Good News/Bad News for CA DUI Defense ( Breath Test Evidence )
Nov. 21, 2013 – Today’s CA Supreme Court verdict on DUI Defense case People v. Vangelder has Good News + Bad News implications for DUI Defense in California.
Here’s what happened…
In December 2007, a CHP officer observed Vangelder driving 125 miles per hour on Highway 163 in San Diego County. Vangelder slowed for traffic and was not weaving, but the officer who pulled him over smelled alcohol on his breath and thought the defendant’s eyes were red and watery. The defendant admitted to drinking three glasses of wine five hours earlier with dinner, but insisted his driving was not impaired, and that his 2:30 am speeding was for his own amusement. Field sobriety tests supported the defendant’s claim, but PAS breath tests indicated 0.095% and 0.086% BAC, and breath tests taken later at county jail measured 0.08% BAC.
The DUI Defense team brought in a heavy hitter witness, Dr. Michael P. Hlastala, a Univ. of Washington physiologist who has written over 400 articles (170 peer-reviewed) and a textbook challenging the reliability of breath-testing machines. Hlastala stated before the jury that breath test machines cannot reliably reflect the concentration of alcohol in blood because they constitute “an indirect test” of blood alcohol and because of “partition ratio variability.”
(For you law/science buffs… Blood Breath Partition Ratio is an outdated, highly contested theory that assumes that 2100 mL of breath contains the same amount of alcohol as 1 mL of blood—which means that breath alcohol percentages can theoretically be multiplied by 2100 to estimate blood alcohol levels. That assumption may not always be true, but it’s The Law in California, thanks to our Supreme Court’s controversial 1994 decision People v. Bransford.)
The prosecution in the original trial countered that Vehicle Code 23152(b) criminalizes driving with .08% BAC, as measured by a properly calibrated and administered breath-testing machine, and that the defense was arguing against an established law that had been vetted by legislators, rather than arguing that the particular breath machines used in the case malfunctioned, were not properly calibrated, or were not properly used.

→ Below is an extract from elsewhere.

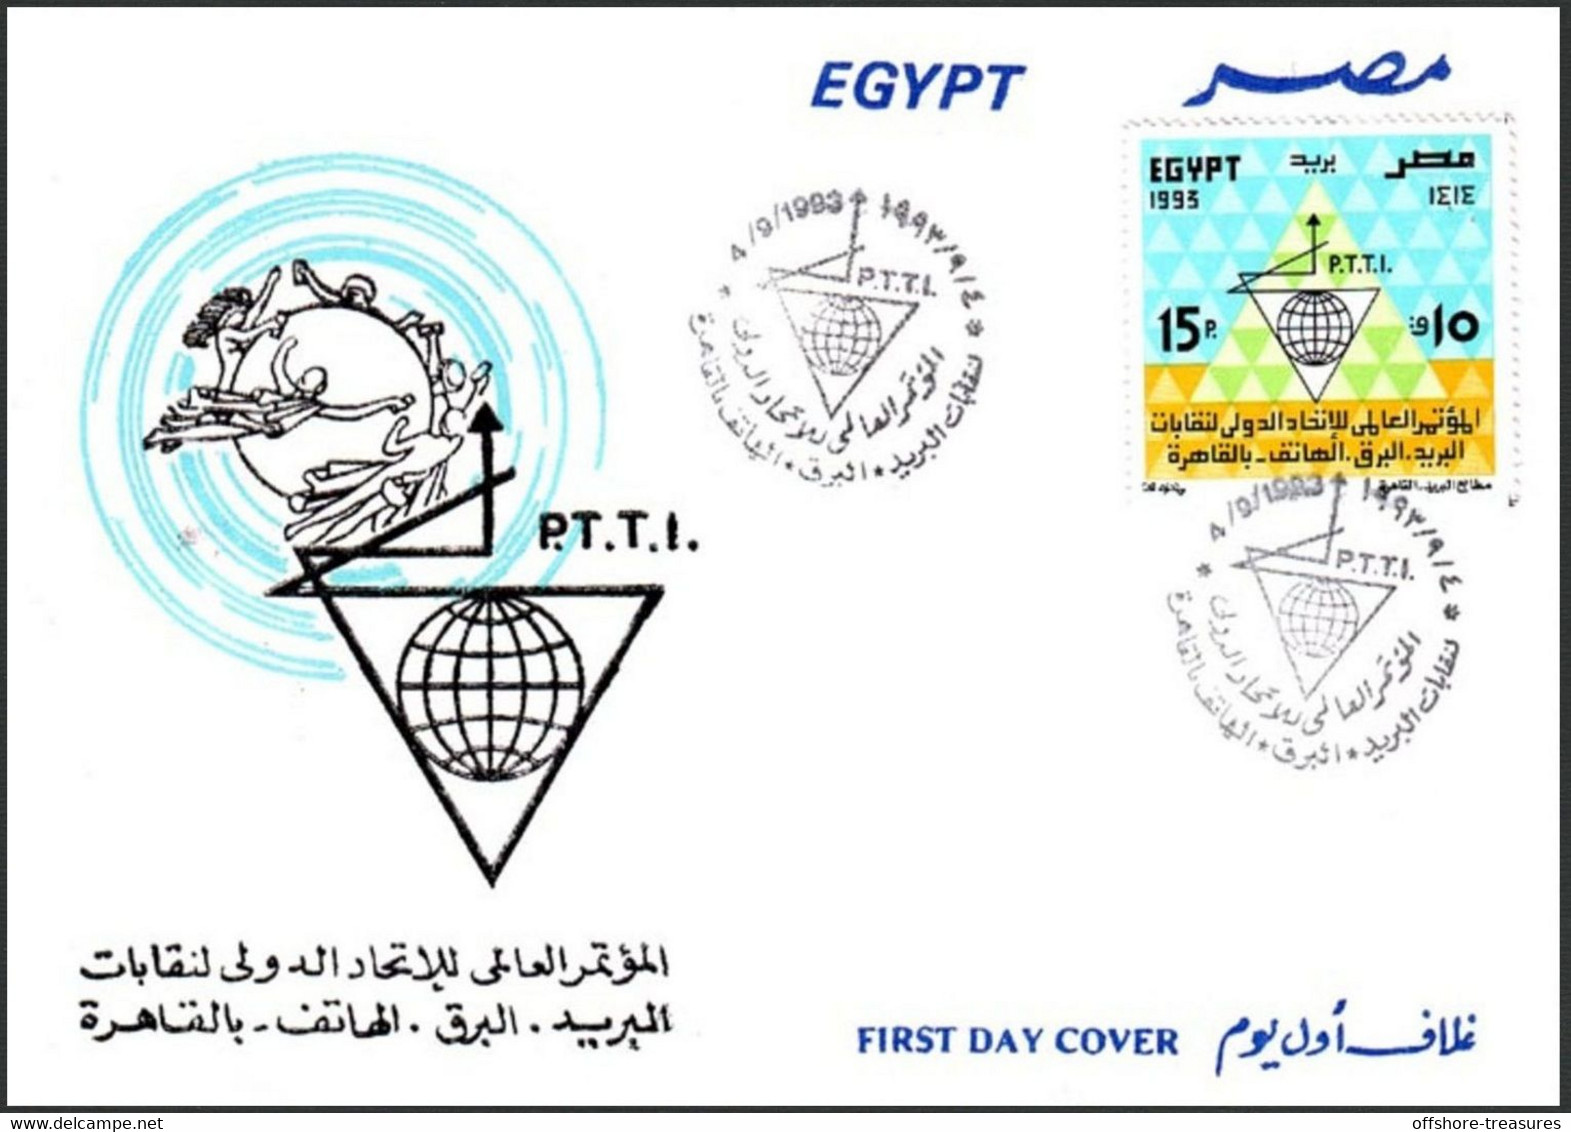 Egypt 1993 Illustrated FDC International Conference Telegraph - Telephone & Post Syndicates UPU - P.T.T.I. - Covers & Documents

The case moved up through various appellate courts to the California Supreme Court, and now the verdict is in. How will today’s Supreme Court DUI decision affect future DUI cases and DUI defense law in general? First, the bad news…
Supreme Court Impact on DUI Defense Law
The Supreme Court of California reversed a lower court of appeal, and stated that the testimony by Dr. Hlastala regarding the unreliability of breath test results was inadmissible. The fact that breath test results are unreliable based on partition ratio variability—those facts are not allowed to be shared in court. The reliability of breath-testing models used in the enforcement of Sec. 23152(b) has been endorsed as policy by the legislature, which approved its evidential use in a California prosecution. The Court upheld its own People v. Bransford decision regarding blood breath partitions, and further cemented a state law (VC 23152(b)) which, in effect, can make it a crime to have alcohol on your breath.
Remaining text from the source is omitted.